> _DATASET EXTRACT_
══════

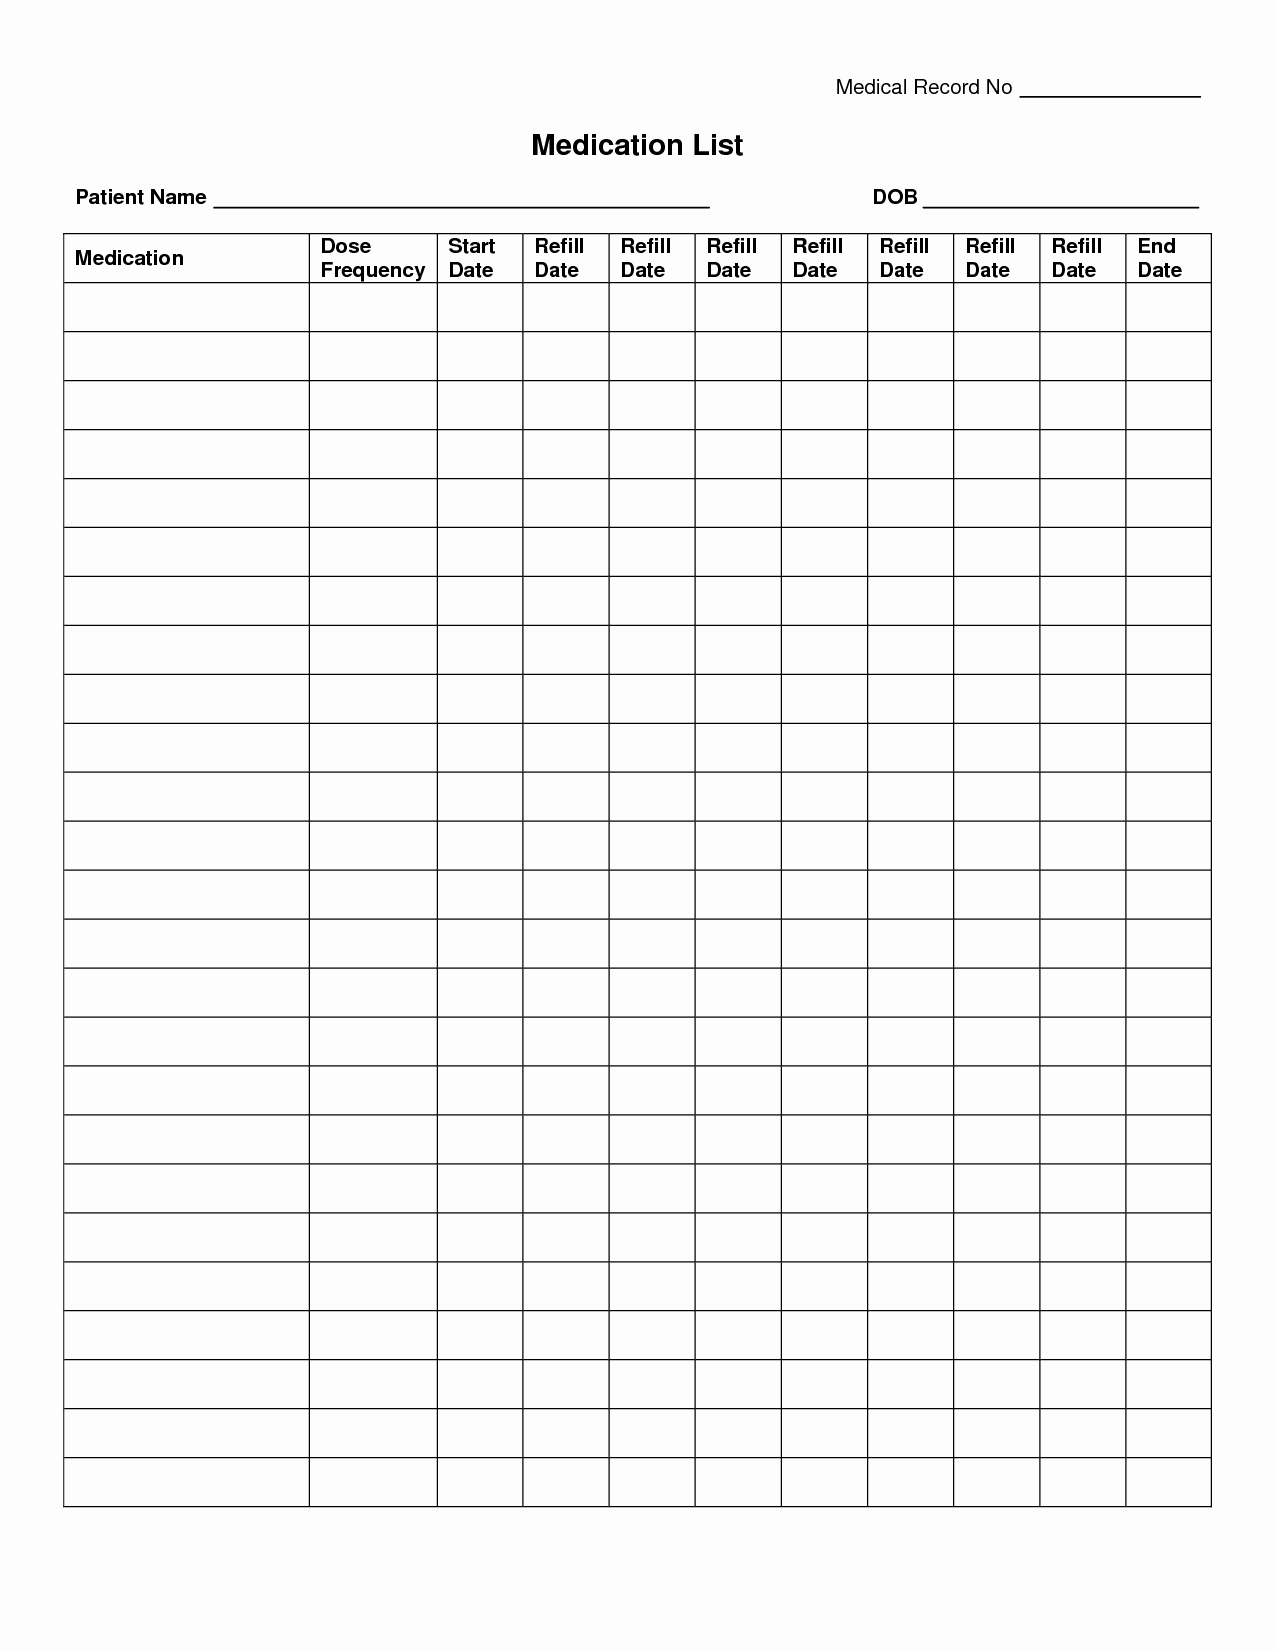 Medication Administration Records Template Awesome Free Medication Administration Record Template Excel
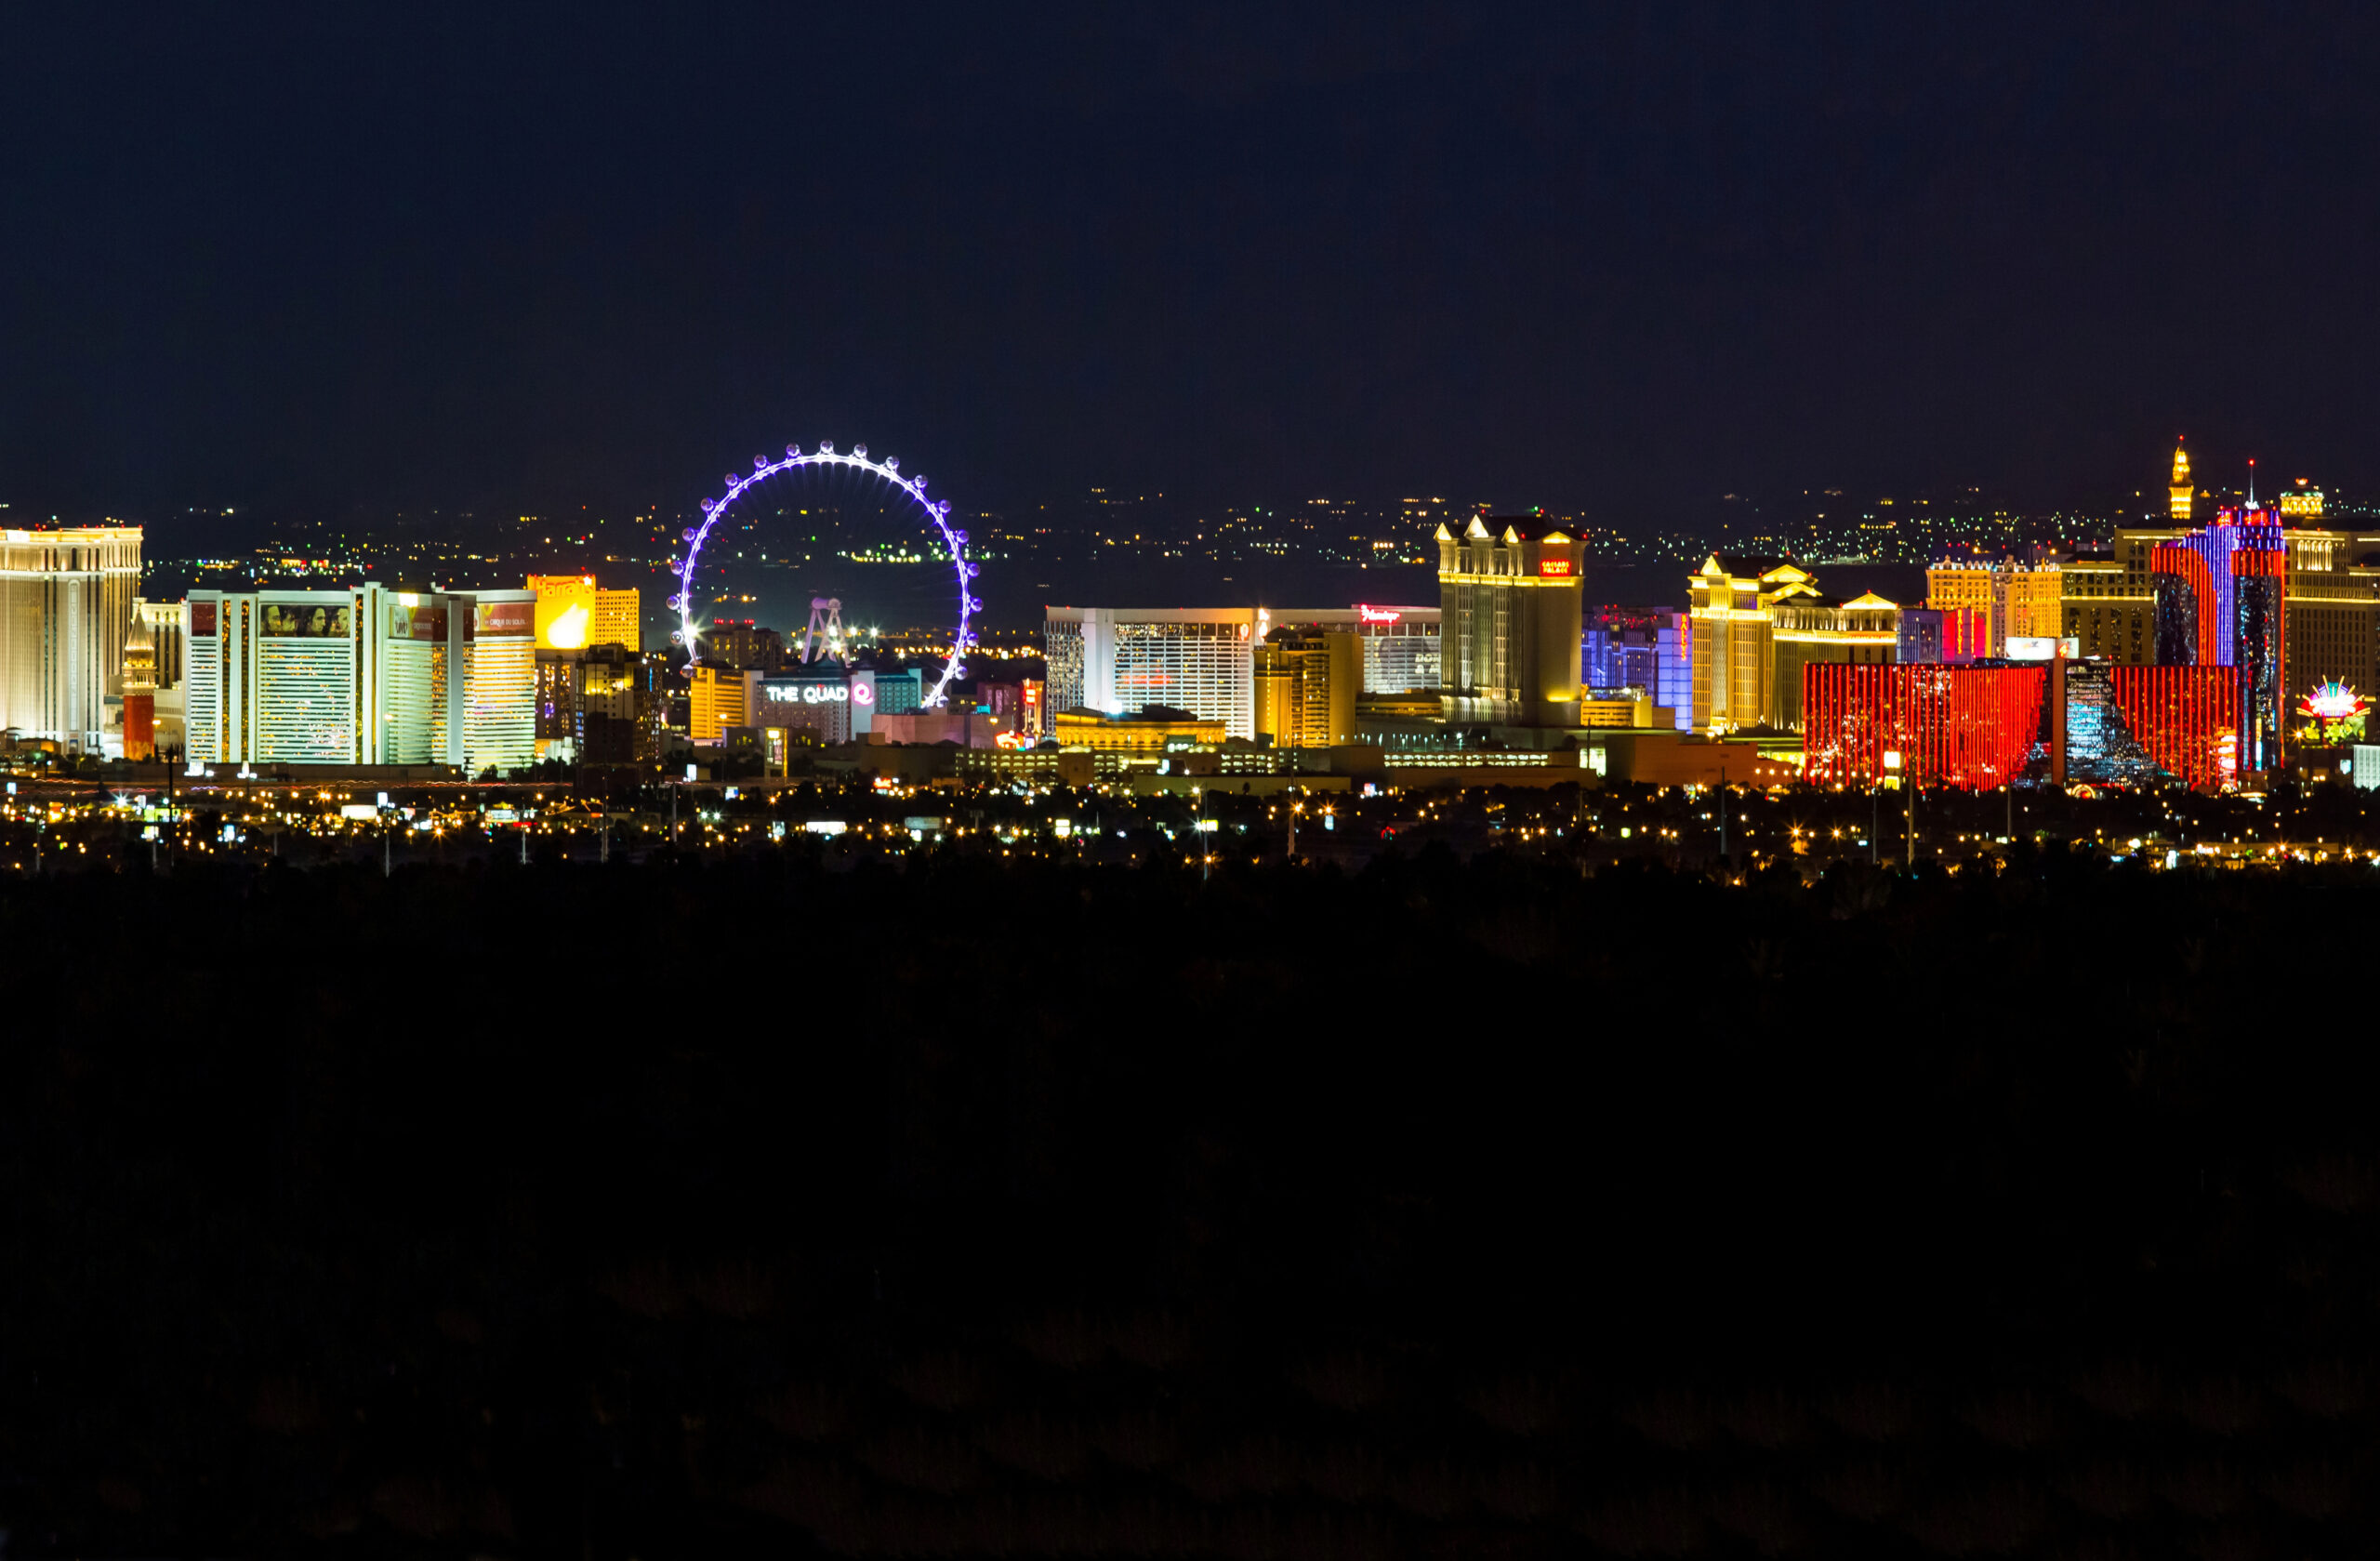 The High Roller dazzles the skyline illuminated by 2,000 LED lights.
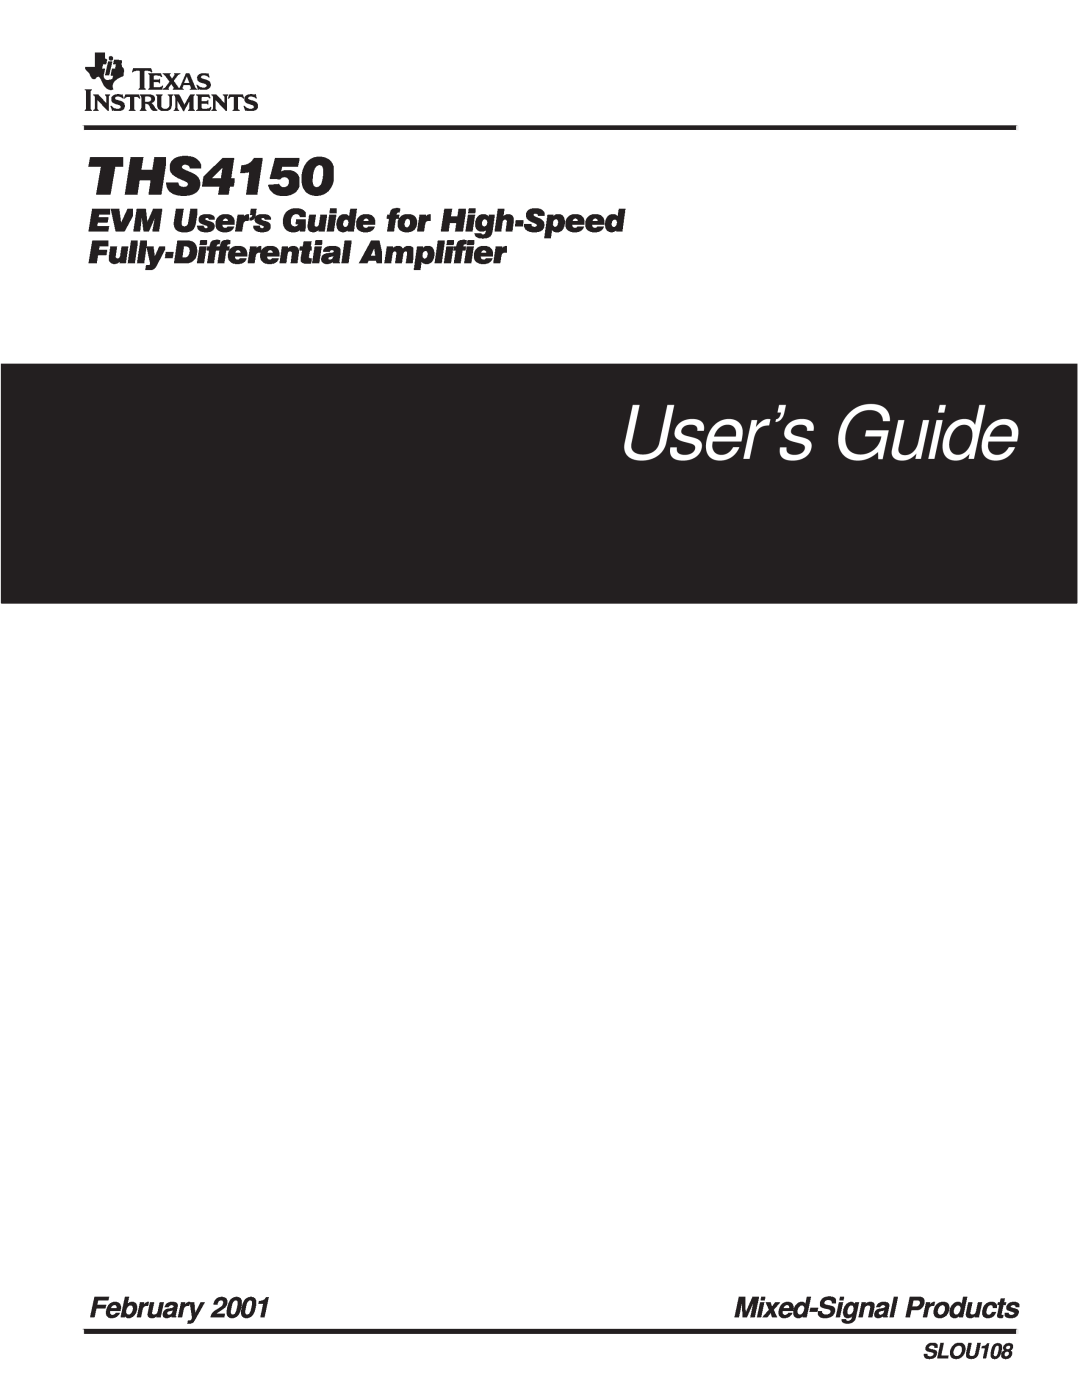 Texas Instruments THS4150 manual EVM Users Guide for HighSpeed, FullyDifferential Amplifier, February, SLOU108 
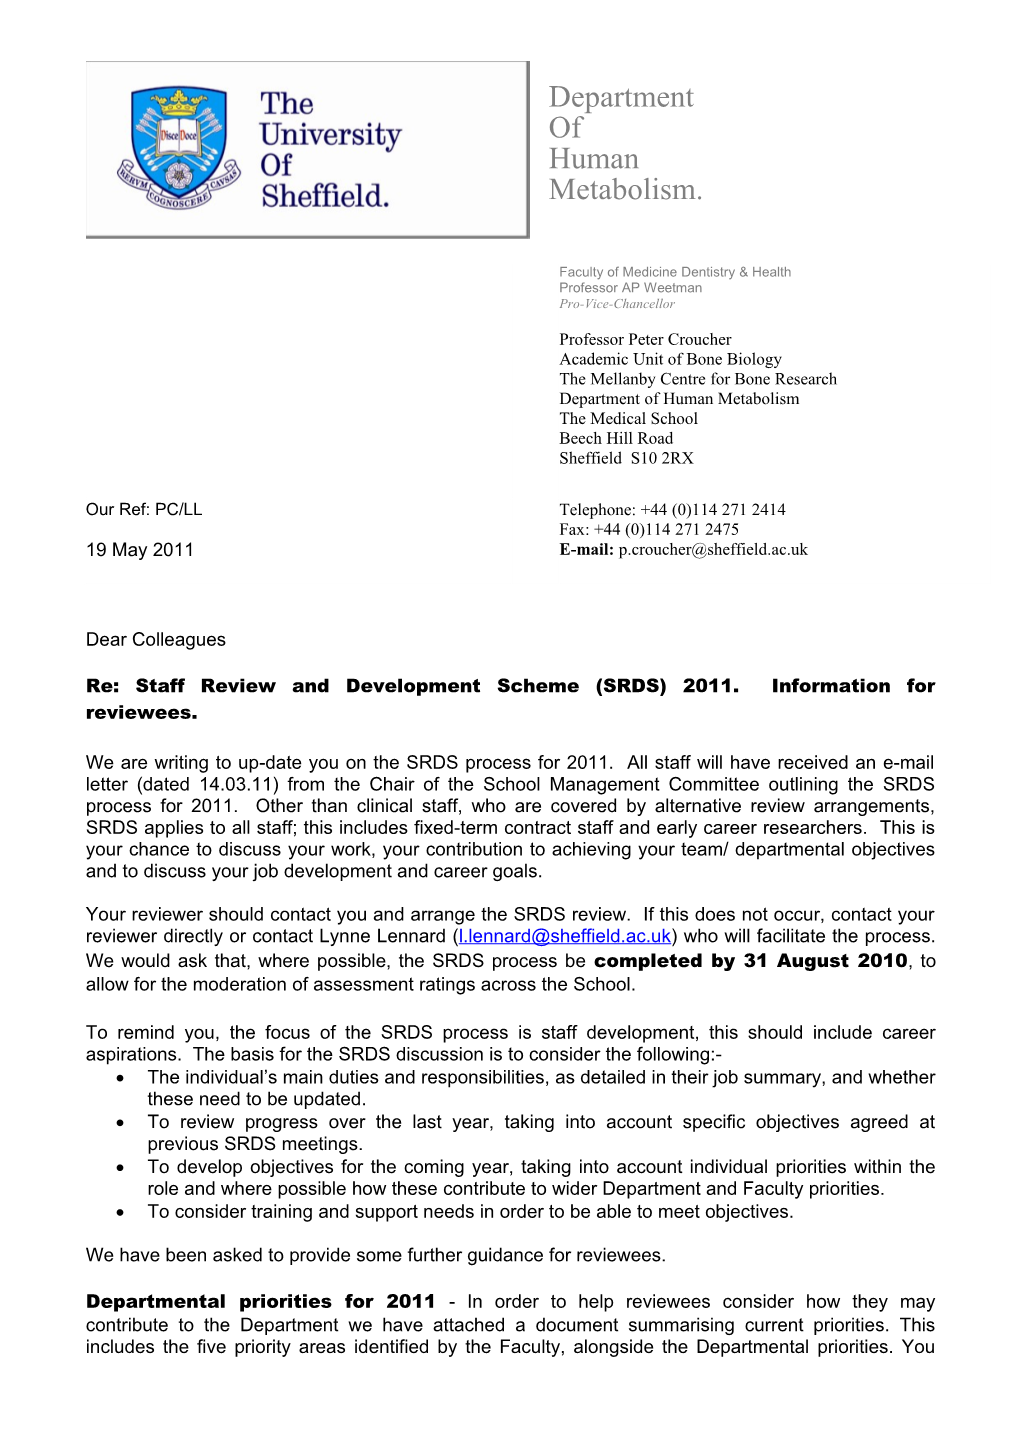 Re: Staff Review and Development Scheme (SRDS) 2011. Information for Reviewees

══════

> _WHAT TO WORK ON_
All that belongs in the answer is the exact run of lines from the line containing "Texas Instruments THS4150" to the end of the listing above, pictures removed.

> _YOUR RESPONSE_
 Texas Instruments THS4150 manual EVM Users Guide for HighSpeed, FullyDifferential Amplifier, February, SLOU108 
 Re: Staff Review and Development Scheme (SRDS) 2011. Information for Reviewees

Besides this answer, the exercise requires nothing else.